The pipeline consists of the following stages:

Alternatively, the data files can be parsed directly to context objects, if no additional representations are needed, or if all the additional representations are already provided in plain-text sentence-aligned files. Parsing

Config file format

YAML file format

The config file is written in [YAML format] (http://www.yaml.org/). A YAML document can be parsed by the Python yaml module into a dictionary object. This dictionary can be nested, i.e. values themselves can be dictionaries or lists of dictionaries.

The simplest example of a YAML file entry is a string with key and label separated by a colon: key: value

Value can be a list of strings, in this case every string should start with a dash: key: -- value1 -- value2 -- value3

Analogously, a value can be a dictionary: key: inner_key1: value1 inner_key2: value2 inner_key3: value3

For more detailed YAML format description see the [YAML guide] (http://www.yaml.org/spec/1.2/spec.html).

Declaration of a module

One of the core features of the config format is the ability to specify objects in the form that allows to load them and call directly during the script execution. I.e. if a new representation generator is created, no changes in the pipeline code are required to use the new object, it only has to be specified in the configuration file.

A new object can be included into the code by declaring a module that contains it.

The declaration of a module means that the script will load a Python class and create an instance of this class with the provided parameters. The keyword module is the path to the Python class. It can belong to any Python library and does not need to be in the Marmot directory. The keyword args is the list of arguments that are needed for this class initialisation.

  -- module: marmot.representations.pos_representation_generator.POSRepresentationGenerator
     args:
       -- tiny_test/tree-tagger
       -- tiny_test/english-utf8.par
       -- 'source'
       -- tiny_test/tmp_dir

Code in the example above will generate the instance of POSRepresentationGenerator which is located in /MARMOT_HOME/marmot/representations.pos_representation_generator.py. This declaration is equivalent to the following Python code:

from marmot.representations.pos_representation_generator import POSRepresentationGenerator
r = POSRepresentationGenerator('tiny_test/tree-tagger', 'tiny_test/english-utf8.par', 'source', 'tiny_test/tmp_dir')

The args format does not support the keyword arguments, so all the arguments should be declared in the order they appear in the init function of the class. However, the keyword arguments can be omitted. For example, in order to create the LogisticRegression classifier object with the penalty 'l1' you need to write the following code in the config:

-- module: sklearn.linear_model.LogisticRegression
   args:
     -- 'l1'

Compare this notation with the full list of parameters:

sklearn.linear_model.LogisticRegression(penalty='l2', dual=False, tol=0.0001, C=1.0, fit_intercept=True, intercept_scaling=1, class_weight=None, random_state=None)
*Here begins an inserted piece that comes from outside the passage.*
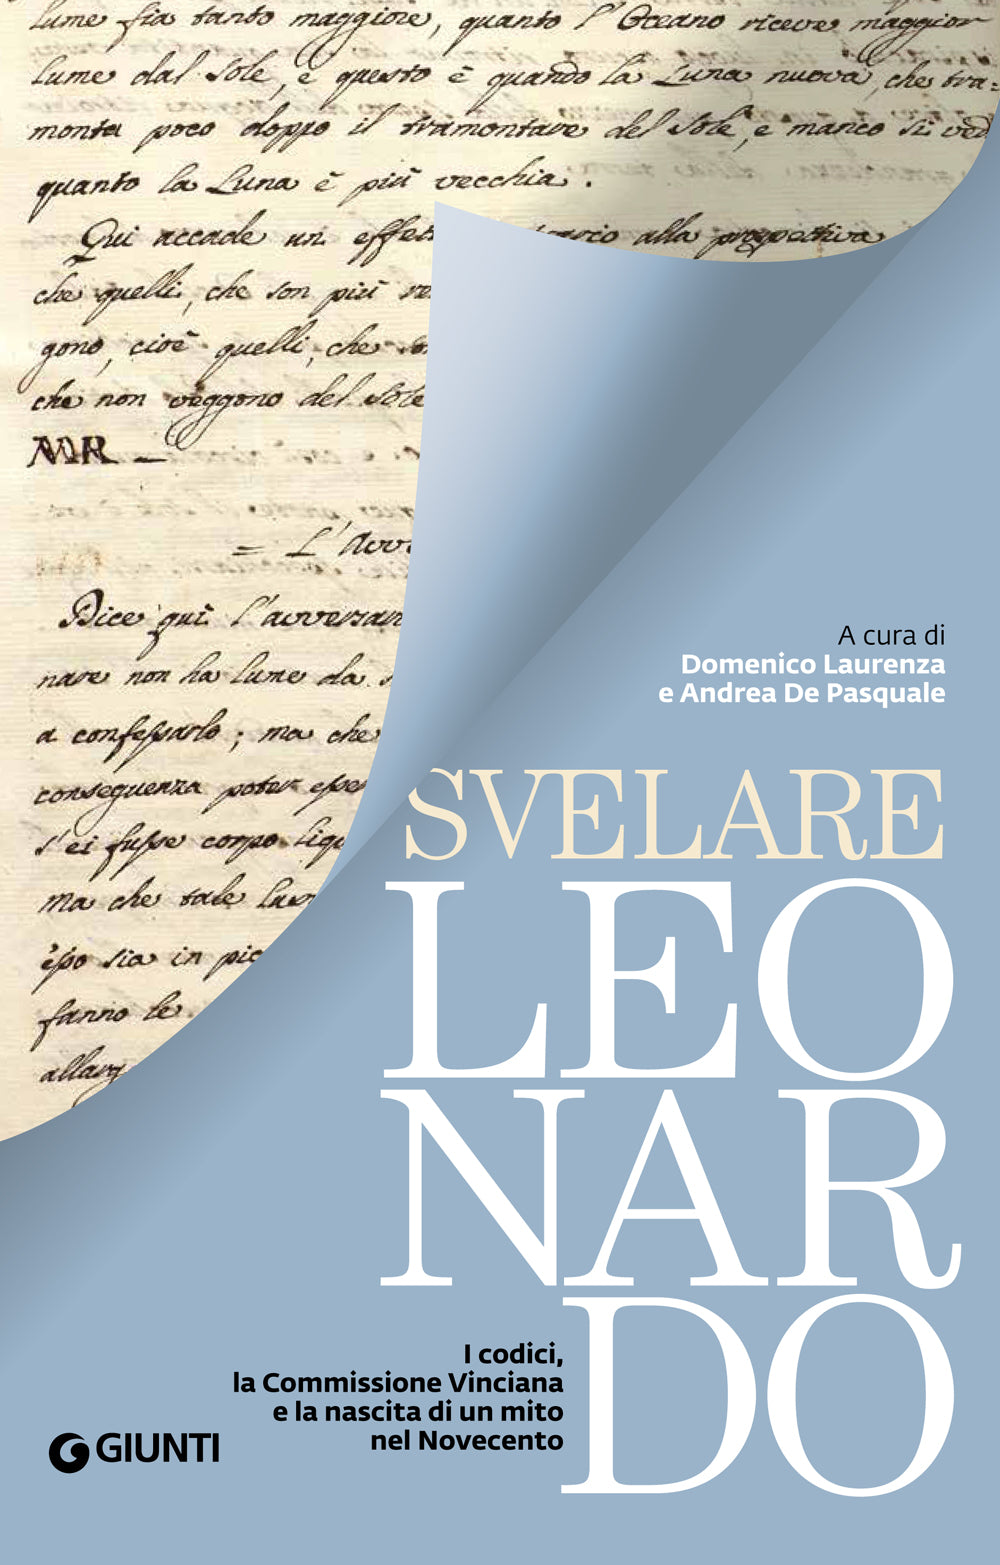 Svelare Leonardo::I codici, la Commissione Vinciana e la nascita di un mito nel Novecento

If the initialisation has no parameters, no args keyword is needed:

module: sklearn.linear_model.LogisticRegression

Declaration of a function

An argument of a module can be the output of a function. A function is defined analogously to a class. If the value of a variable needs to be computed by a function, this variable should be declared in the config with two fields: func and args. func is the path to the function (can be a path to any Python function), args is the list of arguments for this function (can be omitted, if the function is called without arguments).

interesting_tokens:
    func: marmot.preprocessing.parsers.extract_important_tokens_wmt
    args:
      - word_level_quality_estimation/data/en_es/EN_ES.tgt_ann.test
      - 1

This declaration will envoke the execution of the following code:

from marmot.preprocessing.parsers import extract_important_tokens_wmt
interesting_tokens = extract_important_tokens_wmt('word_level_quality_estimation/data/en_es/EN_ES.tgt_ann.test', 1)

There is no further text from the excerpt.